Пожалуй, она все же собралась бы выкрикнуть ему что-то обидное, мстительное, но Яша Омельков наклонился к ней, заглянул ей в глаза улыбчиво и повторил еще ласковей:
— Встава-а-ай, завтракать будем!
Не принимая ласки, Пульхерия осторожно повернулась под одеялом и легла на спину. Чуткая его рука повисла в воздухе, помедлив, убралась.
Ишь, как он чисто выбрился и приоделся!
На щеках отражается отблеск окна, ворот белой рубашки выгодно оттеняет зимнюю, на морозном ветру, загорелость лица и шеи, а новый черный костюм сидит на нем, на Яше Омелькове, так ладно, так красиво, что покажи его, Яшу Омелькова, кому постороннему, тот ни за что не поверит, что перед ним простой сельский механизатор. И впрямь, крупный, плотный, с лицом продолговатым и полным, с залысинами, взметнувшимися высоко к темени, с волосами, солидно зачесанными прямо назад, одетый вот эдак, Яша Омельков походил больше не преуспевающее должностное лицо, какими показывают их теперь в кинокартинах.

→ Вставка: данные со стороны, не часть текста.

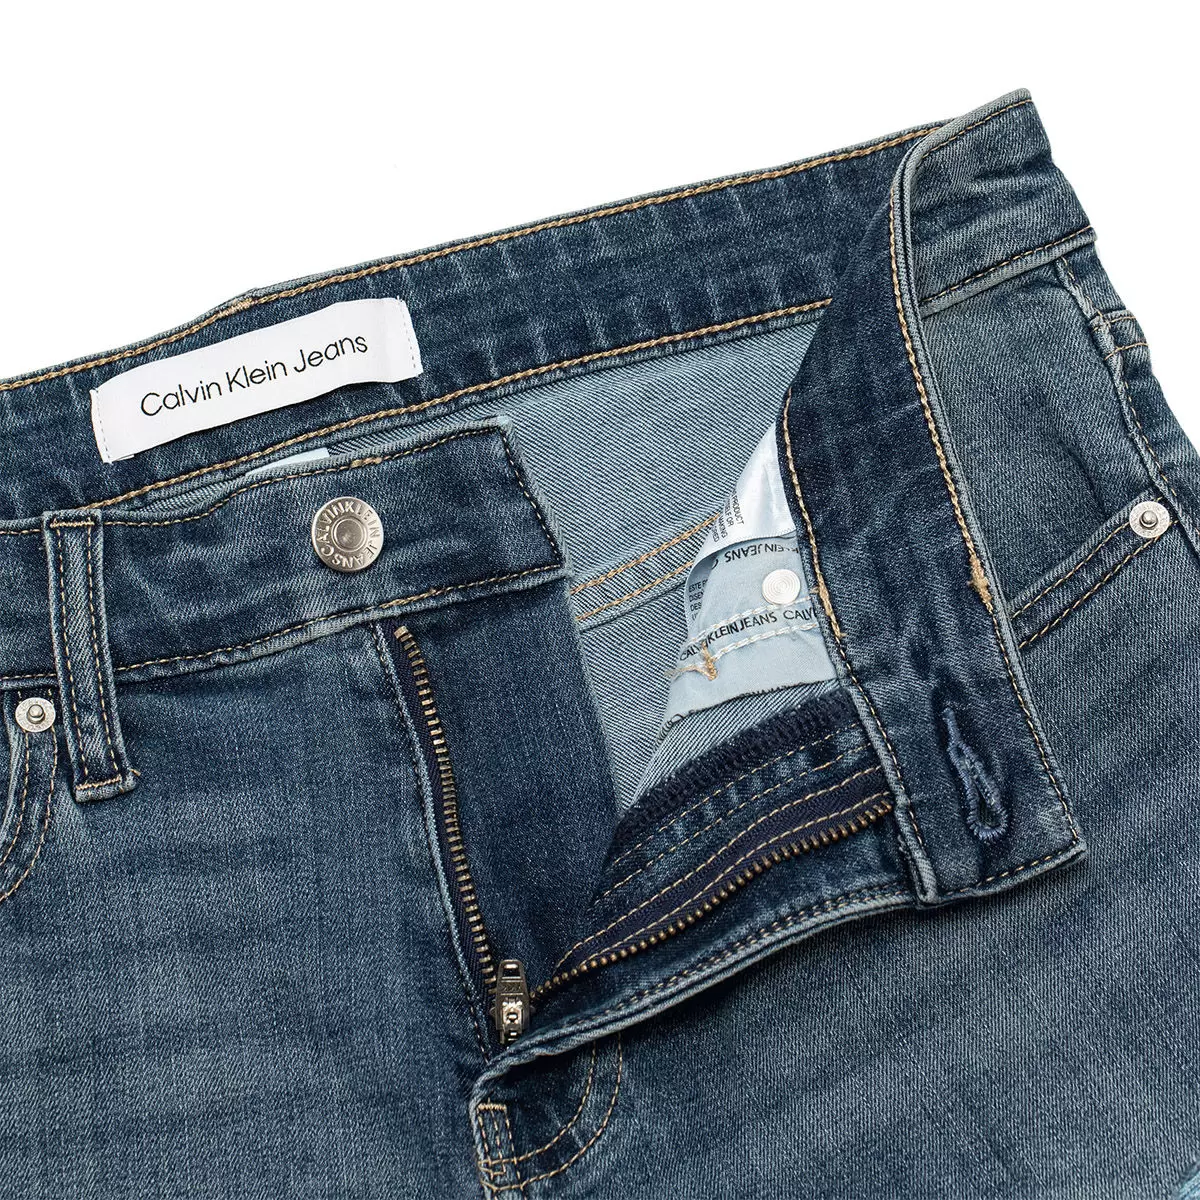 Calvin Klein Jeans 男彈性修身牛仔褲 腰圍 34吋 X 褲長 30吋

Пульхерии представились сестра и зять с их утренней суетой в одном исподнем, их быт, неряшливый до бесстыдства, и она — неожиданно для себя — попросила Яшу потеплевшим голосом:
— Ты иди. Я сейчас…
Согласный, Яша кивнул, опуская веки, и вышел в ту половину, весело зашумел посудой.
Пульхерия подошла к столу и увидела на нем две дымящиеся тарелки. Это было так неожиданно для нее, что она от растерянности даже забыла присесть на готовно пододвинутый стул. У сестры с зятем — вон какая семьища, и то все из одной чашки шуркают! А уж после праздников ничего свеженького не готовят до тех пор, пока дочиста не прикончат праздничную снедь.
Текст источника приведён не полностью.